Hayk Arsenovich Gasparyan, a prisoner who became a Wagner PMC mercenary, who was awarded on December 31 by Russian President Vladimir Putin, was sentenced to 7 years and 3 months for armed robbery. Gasparyan was recruited for the war in Ukraine from a strict regime colony. Information about this is contained in the decision of the Second Cassation Court of General Jurisdiction dated January 18, 2022.
By a court verdict, Gasparyan was found guilty of committing robbery as part of a group of persons with the aim of robbery with the use of weapons and violence dangerous to life and health.
He received the medal "For Courage" for participation in the war in Ukraine from Putin's hands with the words "I serve Russia and PMC Wagner."
On January 5, it became known that the first group of prisoners who fought in Ukraine as part of the Wagner PMC were pardoned after their six-month contract ended. This was stated by the founder of PMC Yevgeny Prigozhin. We are talking about a group of former prisoners of about 20 people.
One of the prisoners to whom Yevgeny Prigozhin, the founder of PMC Wagner, promised freedom after participating in the war on the territory of Ukraine, was Dmitry Karyagin, who in 2014 killed his own grandmother, a veteran of the Great Patriotic War.
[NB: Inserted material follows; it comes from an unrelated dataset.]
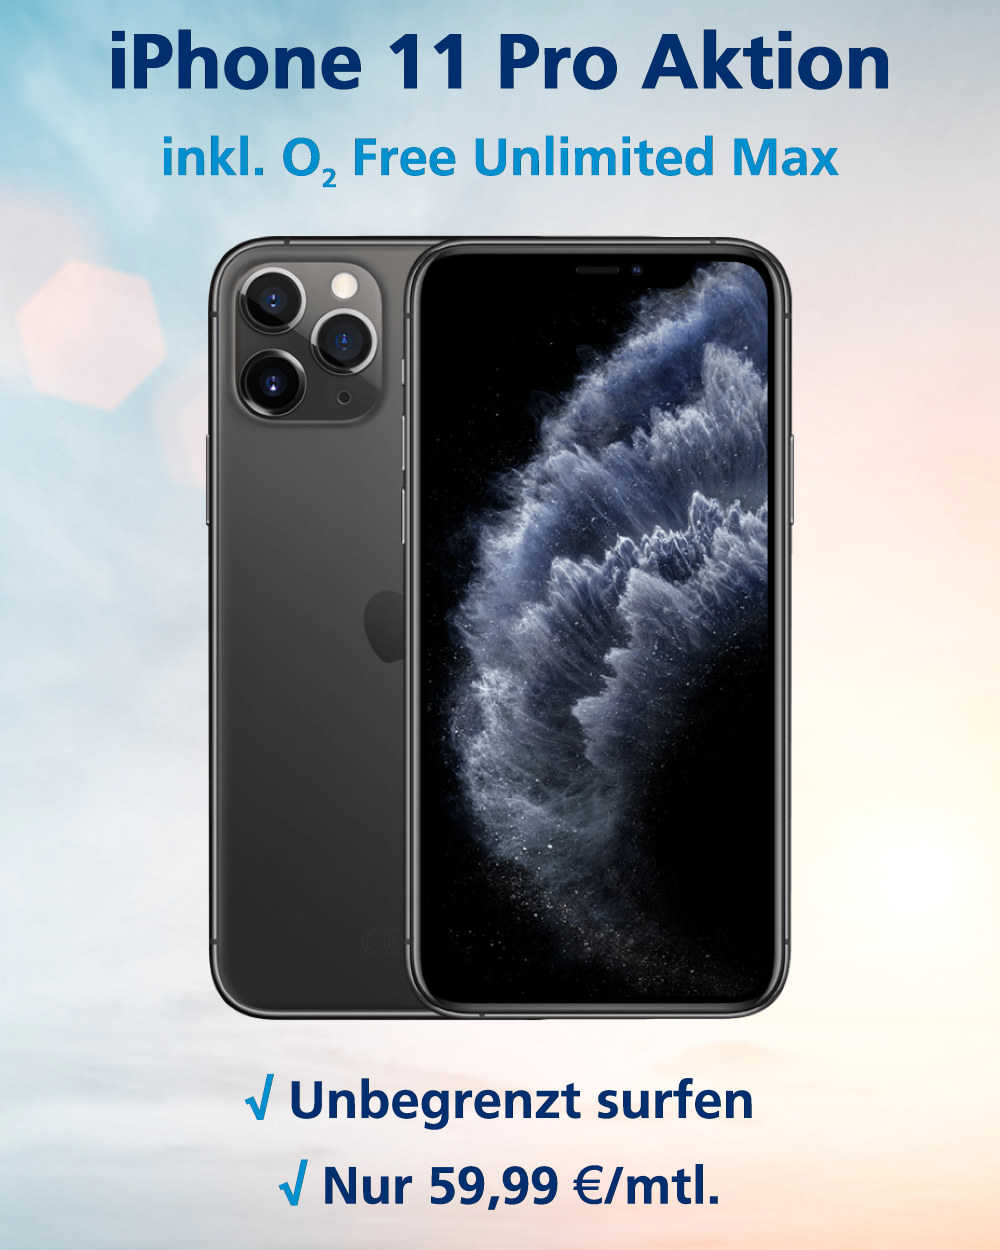 Handy-Tarifvergleich iPhone 11 Pro mit o2 Free Unlimited Max zum absoluten Bestpreis
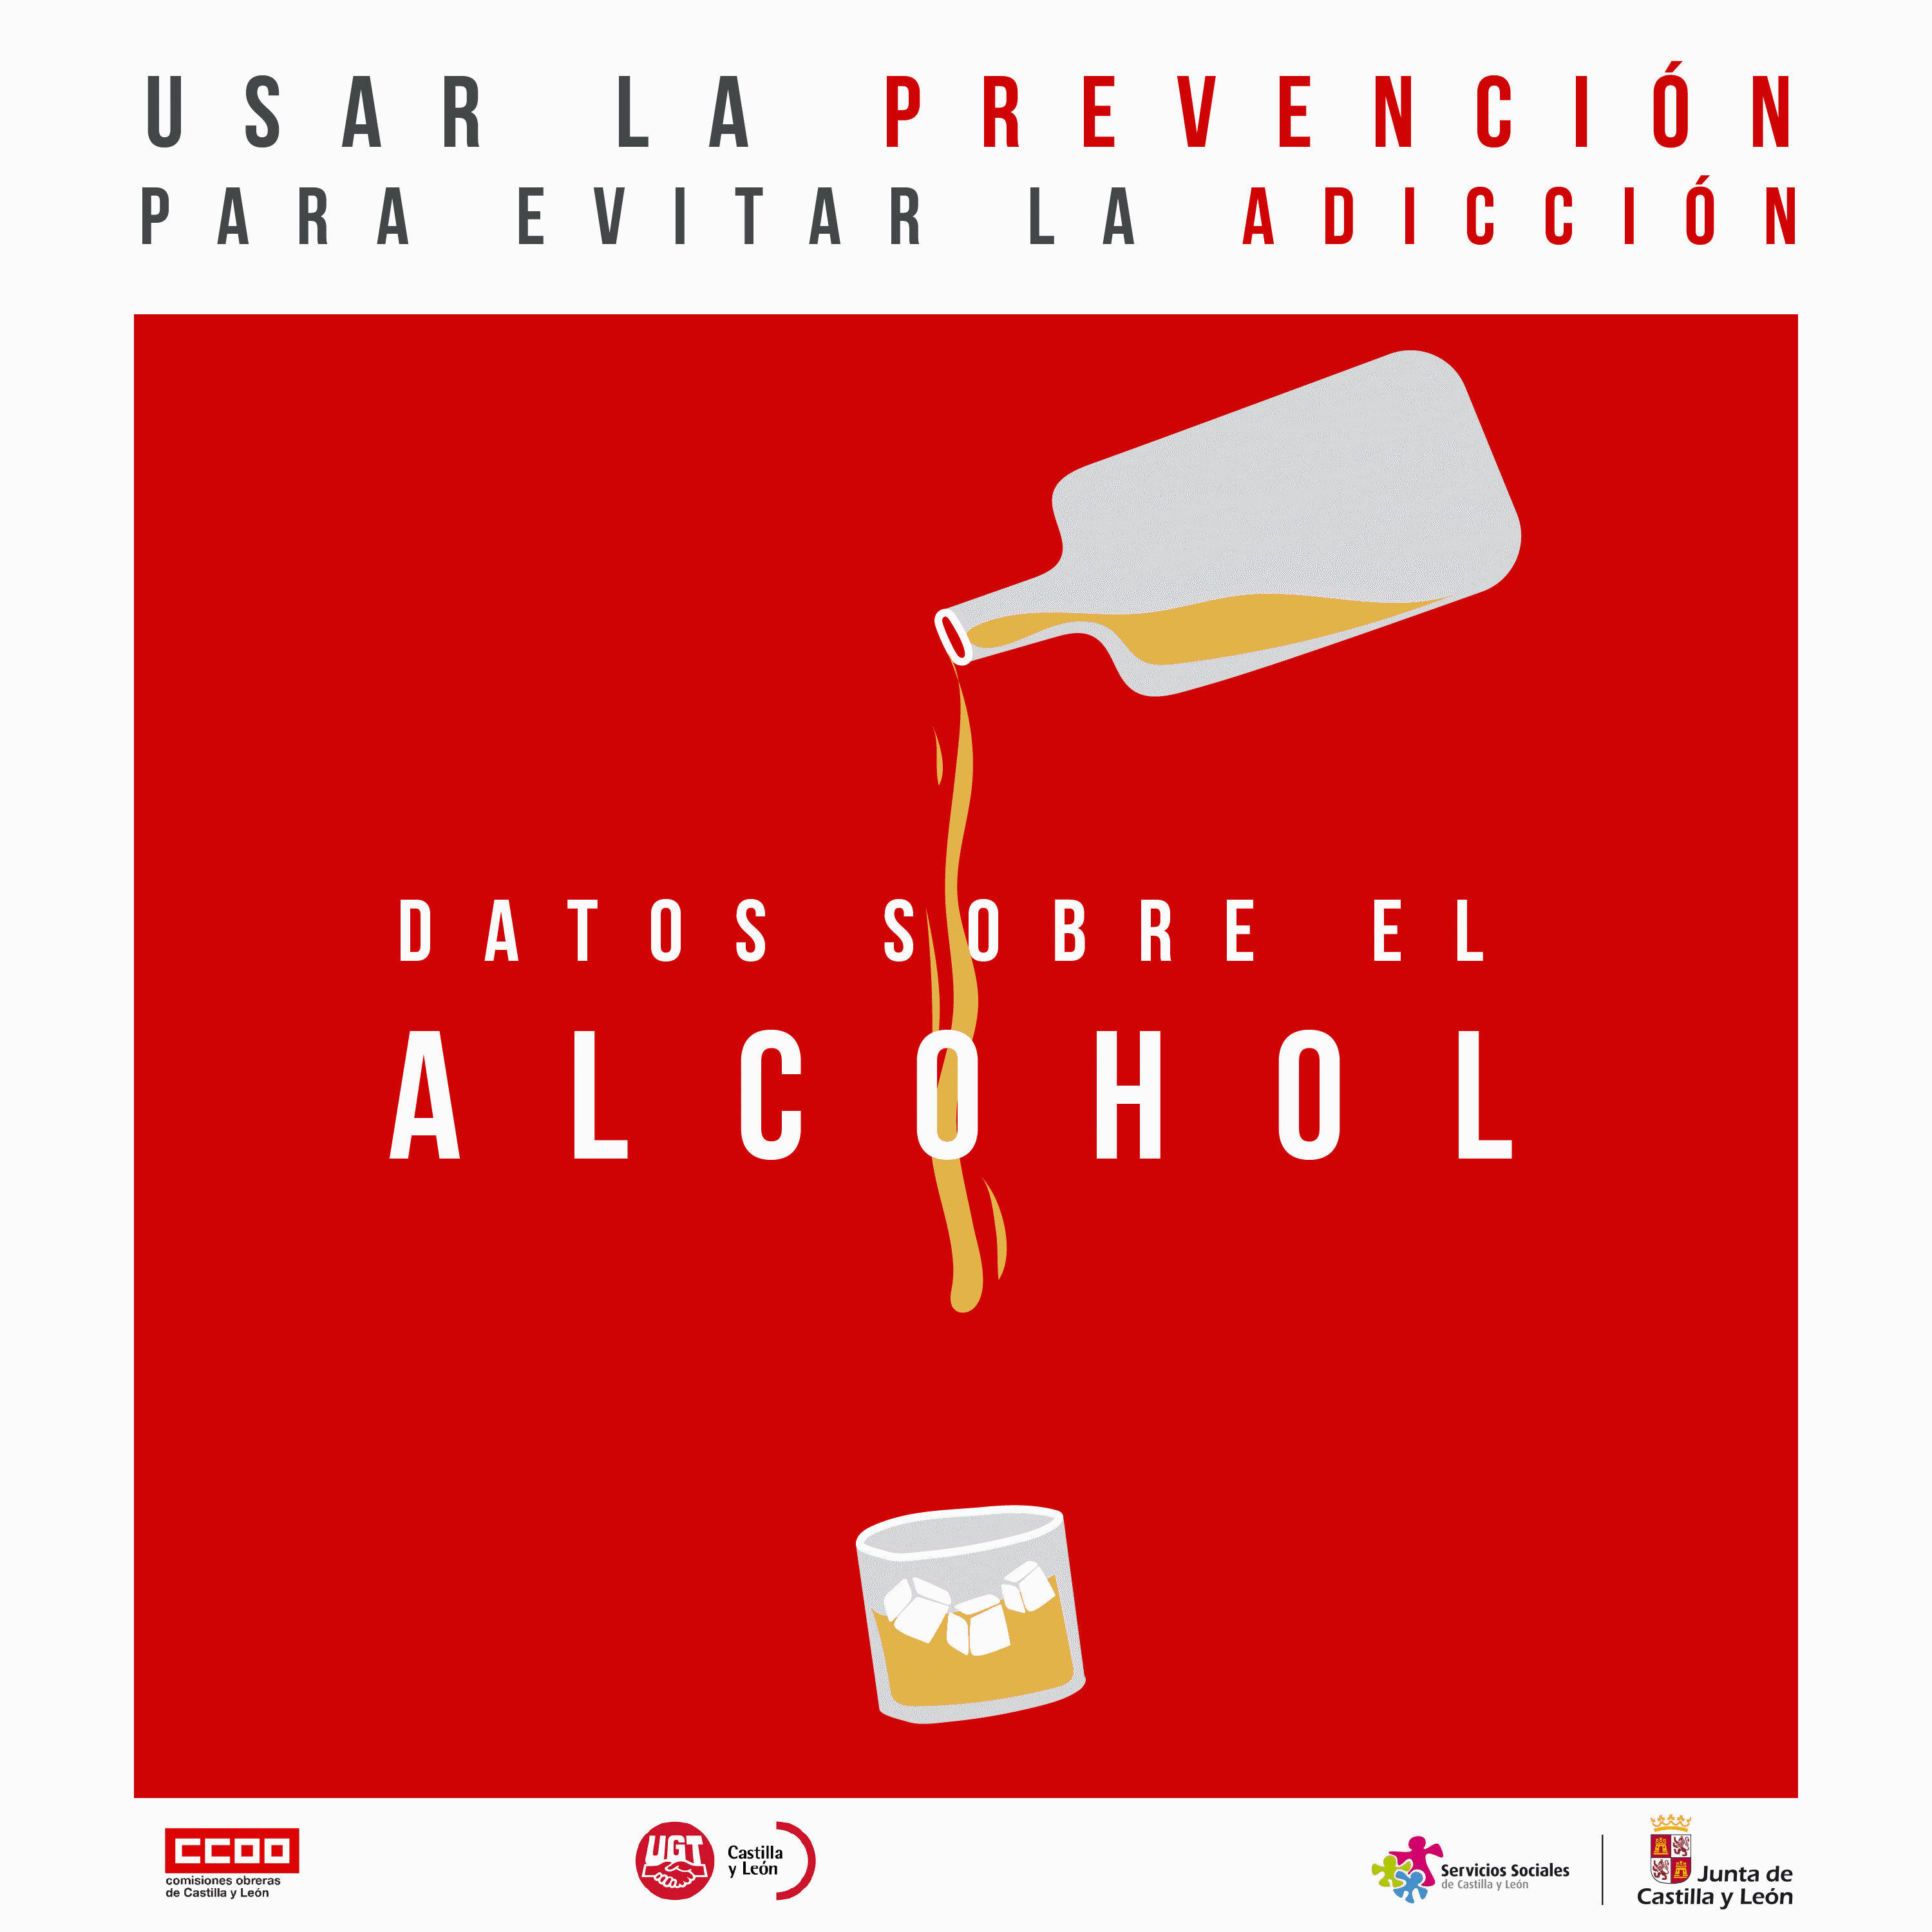 Campaña "Usar la prevención para evitar la adicción" Datos sobre el consumo de alcohol en el puesto de trabajo

At the time of the murder, the woman was 87 years old.
According to the case file cited by the Agency, Karyagin persuaded his grandmother to sell the apartment for 820,000 rubles, then took her to the garage, where he hit her on the head with a hammer.
Among other prisoners who, according to Prigozhin, should receive a pardon after participating in the war are Daniil Saveliev, twice convicted for robbery, Viktor Varnakov, twice convicted of fraud, Yevgeny Rubezhsky, convicted in Ukraine for theft, Vladimir Ryashentsev, who was sentenced in 2015 to 2.5 years in prison for the theft of four bicycles, as well as Alexander Kobchenko, who was convicted for theft.